Yes, I was thinking about "priority", too. I say that a lot now: "Finding a girlfriend just isn't a high priority for me right now." Back in high school, I heard girls saying that all the time (to me, but also about other people), and I didn't quite get it. Now, I think I understand it a little better.

Sure, fishingdude, lots of people will think it's "strange" that you've put things in this priority, or that you're not trying to handle more of them (those things on your checklist) at one time, but what can you do about that?

-----------------------

By the way, the trouble with "starting" a relationship is not just with girls and girlfriends for me, but also with friends in general. It's obviously more difficult when you're attracted to a person, but I'm still nervous about how to make friends of either gender, and usually stick with the course of least action and "exposure".

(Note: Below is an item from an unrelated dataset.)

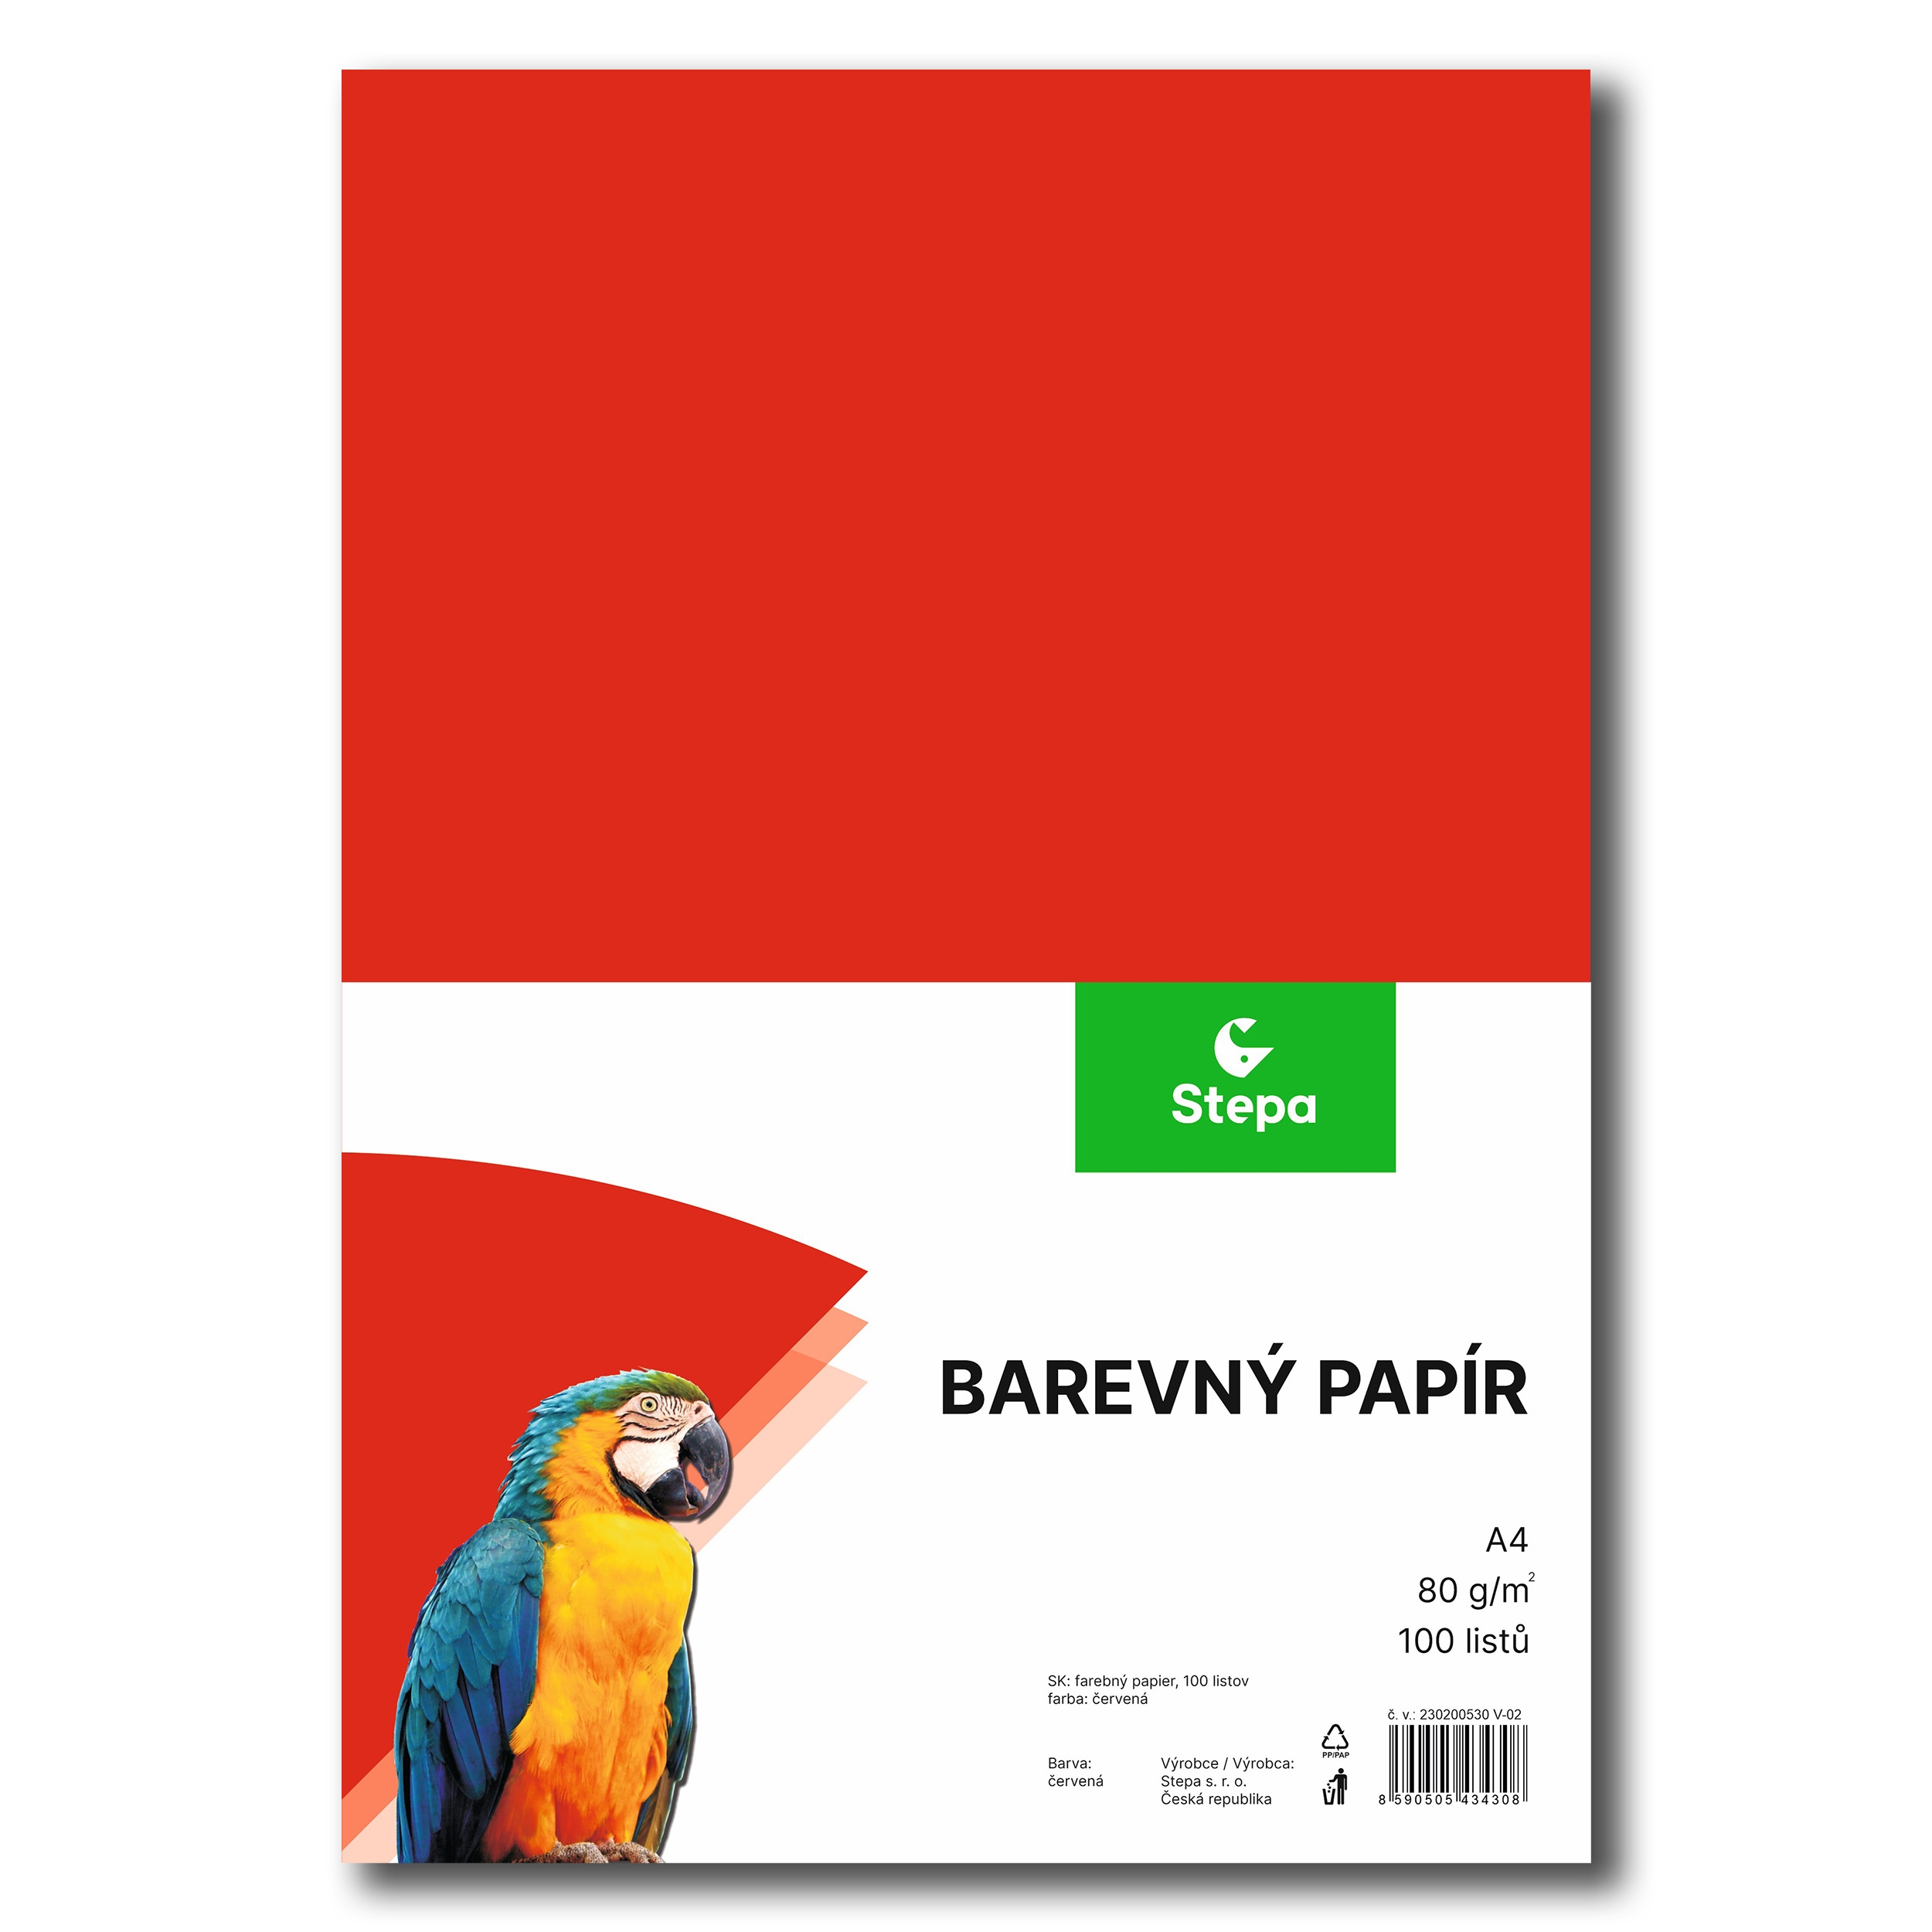 Barevný papír A4, 80g, červený, 100 listů
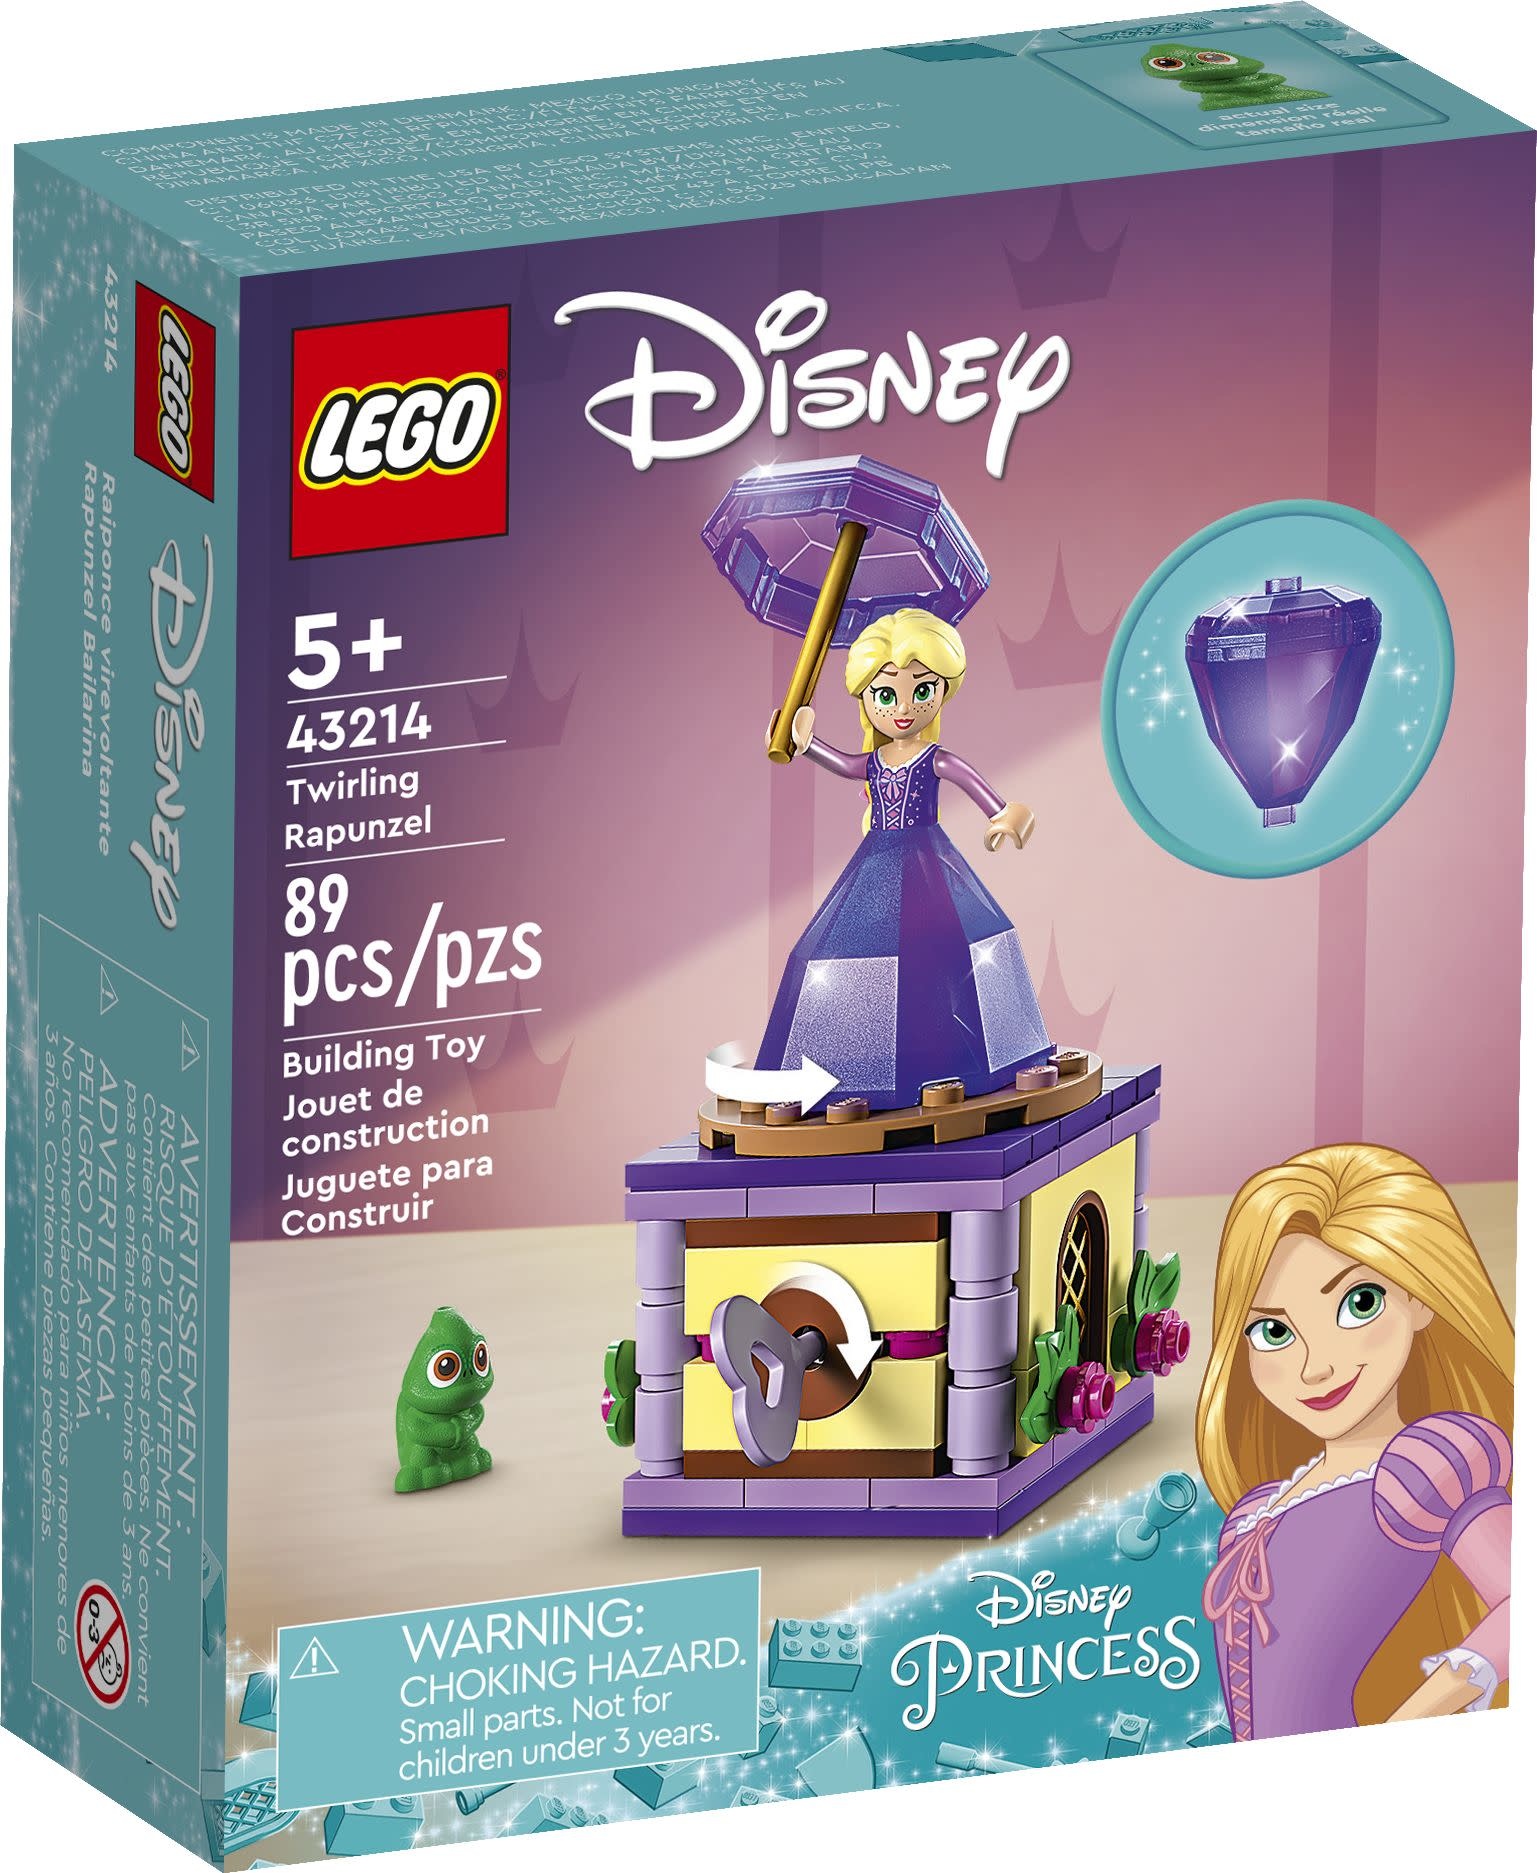 Lego Lego 43214 Disney - Raiponce virevoltante

And actually, something that ArbiterDewey and I discussed on another thread was that another way we could "deal" with this is by not investing so much "emotional energy" into a relationship. Meaning, just go out on dates, see what happens, and if something good happens, then that's great. If it builds into a good relationship, that's fine, but there's no need to force it.

In other words, set your expectations to zero. Not your standards, your expectations. This is probably not "healthy", but it is a way to "deal" with it. Some may also say that it's not really possible to get rid of most expectations...and that may be true. Anyway, there are other options besides this one.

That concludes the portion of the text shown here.